III. Disorders of the Immune System

1. Autoimmune disorder is an immunological disorder in which the immune system attacks the bodyꞌs own molecules.

(1)  In systemic lupus erythematosus (SLE), B cells produce antibodies against a wide range of self molecules, such as histones and DNA.

(2)  In rheumatoid arthritis, antibodies attacks synovium, a thin layer of joints.

2. Immunodeficiency disorder is an immunological disorder in which the immune system lacks one or more components, making the body susceptible to infectious agents that would ordinarily not be pathogenic.

(1)  In severe combined immunodeficiency (SCID), both T and B cells are absent or inactive.

(2)  In Hodgkins disease, a type of cancer that damages the lymphocytic system and can depress the immune system.

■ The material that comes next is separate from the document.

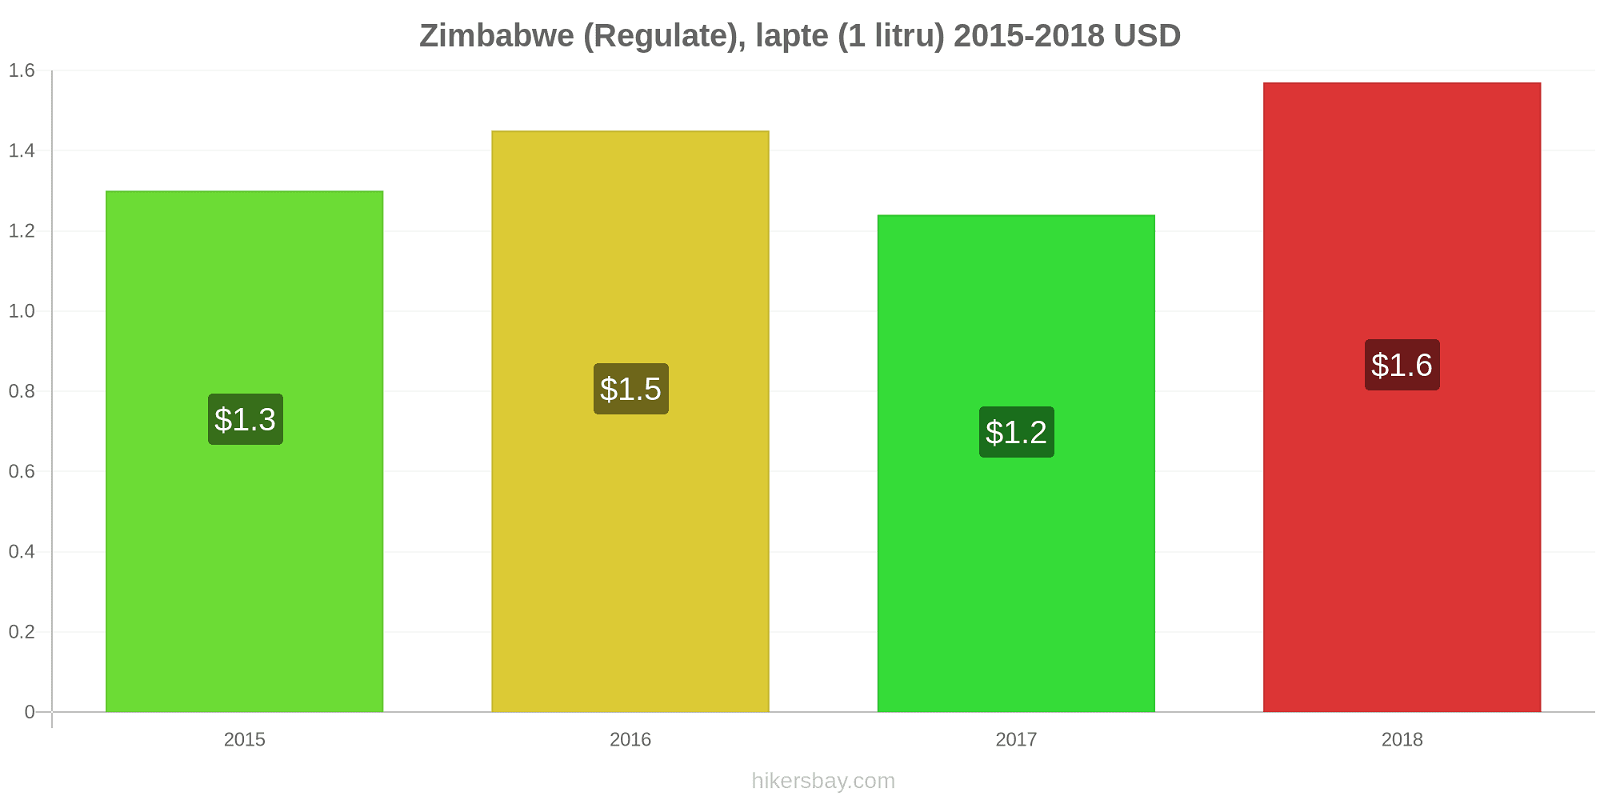 Zimbabwe modificări de preț (Regulate), lapte (1 litru) hikersbay.com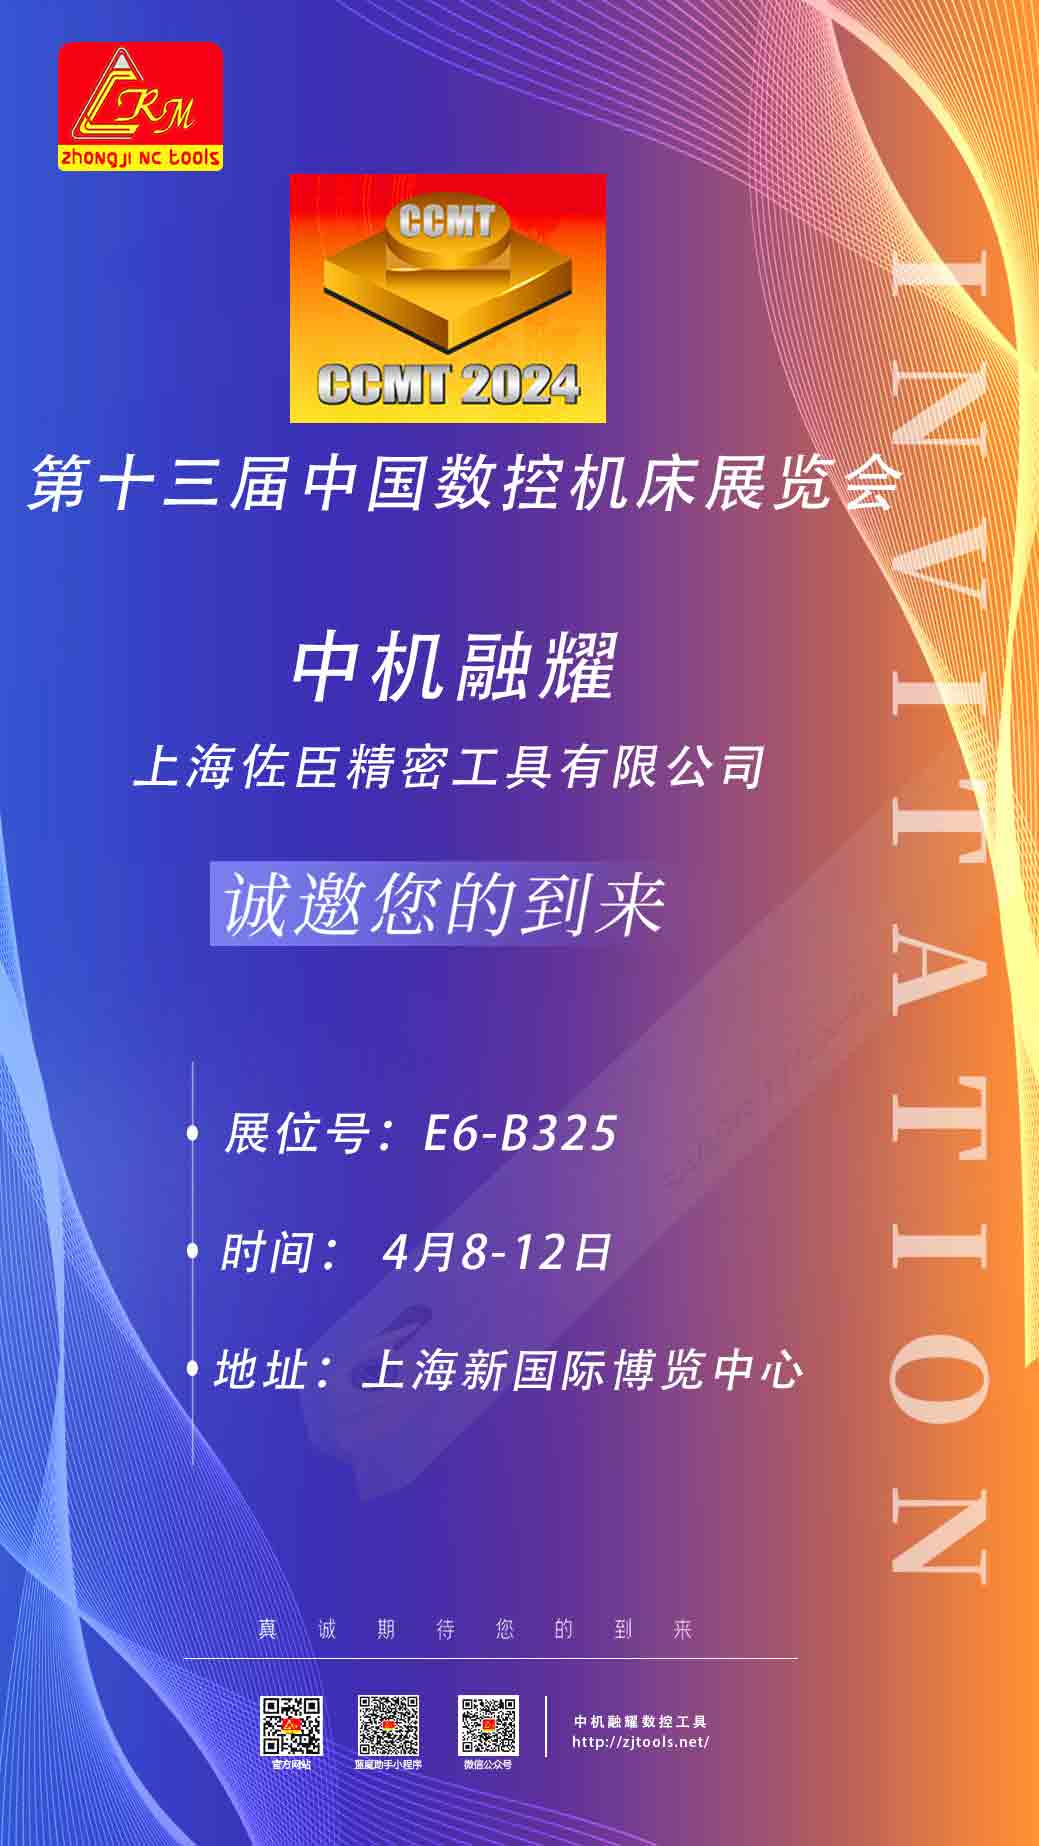 中机融耀｜邀您参加CCMT2024中国数控机床展览会，上海新国际博览中心，4月8-12日，展位号：E6-B325

3. Allergies are overreactions to certain environmental antigens. Allergies are hypersensitive responses to harmless antigens (allergens) in our surroundings.

(1)  Common allergens include protein molecules on pollen grains, on the feces of tiny mites, and in the animals saliva on the fur.

(2)  Symptoms of an allergy result from a two-stage reaction:

1)    Sensitization: a person is exposed to an allergen, and B cells proliferate through clonal selection and secrete large amounts of antibodies to this allergen.

2)    Exposure: the person is exposed to the same allergen. This allergen enters the body and binds to the antibodies attached to mast cells. This causes the mast cells to release histamine, which causes blood vessels to dilate and leak fluid, leading to nasal irritation, itchy skin, and tears. Antihistamines are drugs that interfere with histamines action and give temporary relief from an allergy.

(3)  Allergies range from seasonal diseases to severe, life-threatening responses. Anaphylactic shock is a dangerous allergic reaction for people sensitive to bee venom, penicillin, peanuts, or shellfish. Anaphylactic shock can be counteracted with epinephrine.